They could simply make power less expensive for all uses as demand goes down but what is really the holy grail for them is to be able to switch on and off some of your electrical devices as needed to balance their base generation.

We need some hardware and soft ware to make this happen.  Here is an idea of how it will work.

You have special little units that you plug into your wall socket and then plug your device into the unit.  It 'talks' to your smart meter you have installed.  You can set the unit to come on at different prices for electricity and, of course, the power company, when they have a little excess power, will send a message down their lines that now power is at 24c, 23c, 22c and so forth as they need more demand to balance the base power they are producing.

You are unlikely to put one of these devices on your TV or stand up lamp.  If you do, the TV and/or the lamp will go off if the price for power goes above what you have selected. For all these functions that are on demand,  ie that you can switch on and off as you want, you still pay the full power price of, let's say, 25c/kWh.  The only equipment you are likely to use these special plug in units for are your clothes and dish washer, any batteries you are charging (such as your car or wall unit), your hot water cylinder and so forth.  On the front of the device will be a dial that you turn to the price you are willing to pay for the function in question.  But all devices are not equal.

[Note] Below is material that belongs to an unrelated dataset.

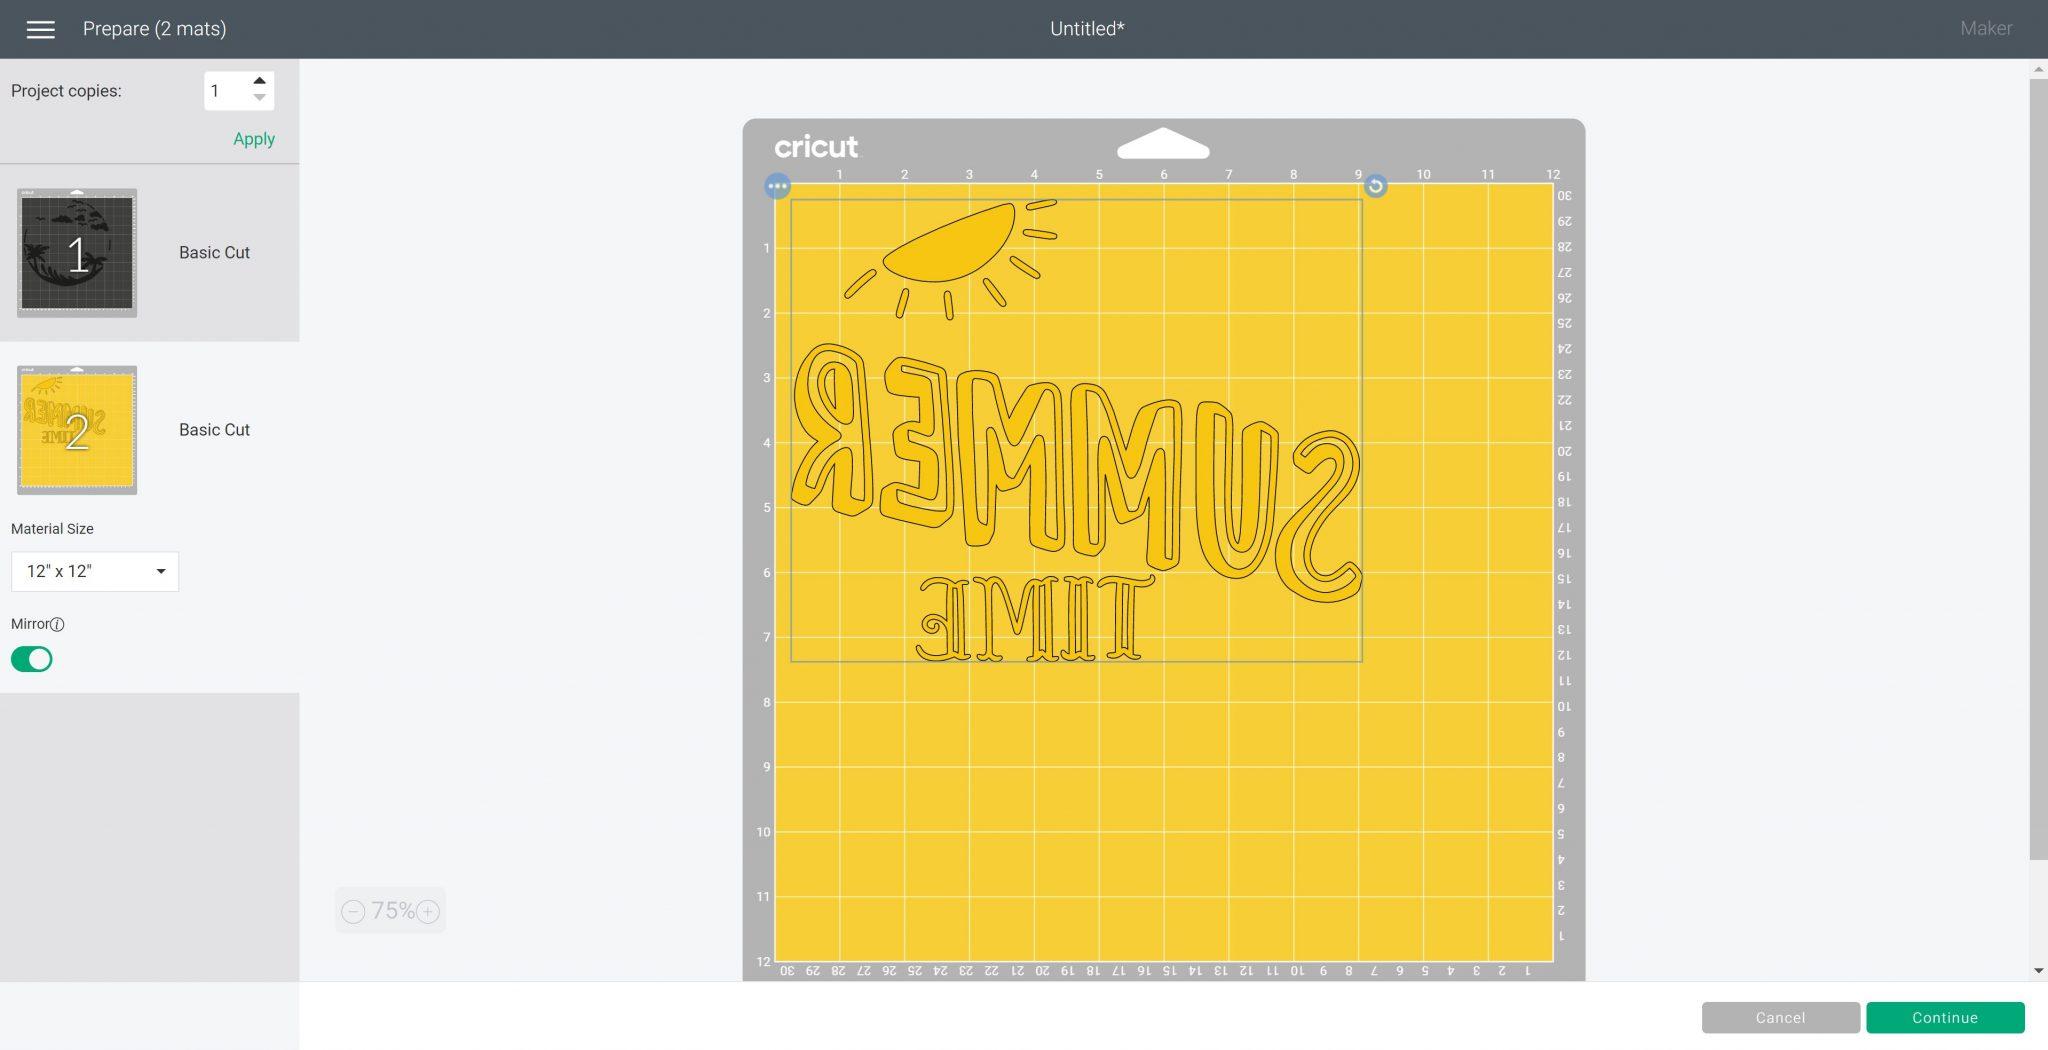 mirroring image in cricut design space

With your car battery or hot water cylinder, the power can go off and on as the power company adjusts the price to use their base generation.  Your washing machine is something else.  Once the cycle starts, you want it to finish.  Otherwise you may have food baked on to your dishes or a wet mess in your clothes washer.  So we have another wee switch on the device which you can put in either 'continue to the end' or 'intermittent'.    For your dish washer, you will set the 'continue' function so once it starts it will finish.

A battery or water heater is something else again.  You may have set your car battery charging unit to, say 10c since past experience shows that you are likely to get some power at this price during the night but here we have a different problem. You want to be able to get to work in the morning.  so we need one more function in our wall plug device..

We have a timer on the device which you set so that full power comes on, say, an hour before you go to work.  If the battery is fully charged, it will not take any more power but if the battery is only partially charged, it will fill up your battery at the full cost.  Not to worry.  Even at the full day time rate, it costs about a third as much in fuel to drive a km than with fossil fuel.

We could even go one step further.  Say you only need 50% charge in your car battery for what you do during the day or perhaps you can plug in at work and take advantage of low prices in the middle of the day.  You have checked the weather report and know that the wind turbines are going to be going gang busters from 10:00AM.  You might then program in, make sure my battery is 50% full by the time I head for work but keep charging if the price stays low.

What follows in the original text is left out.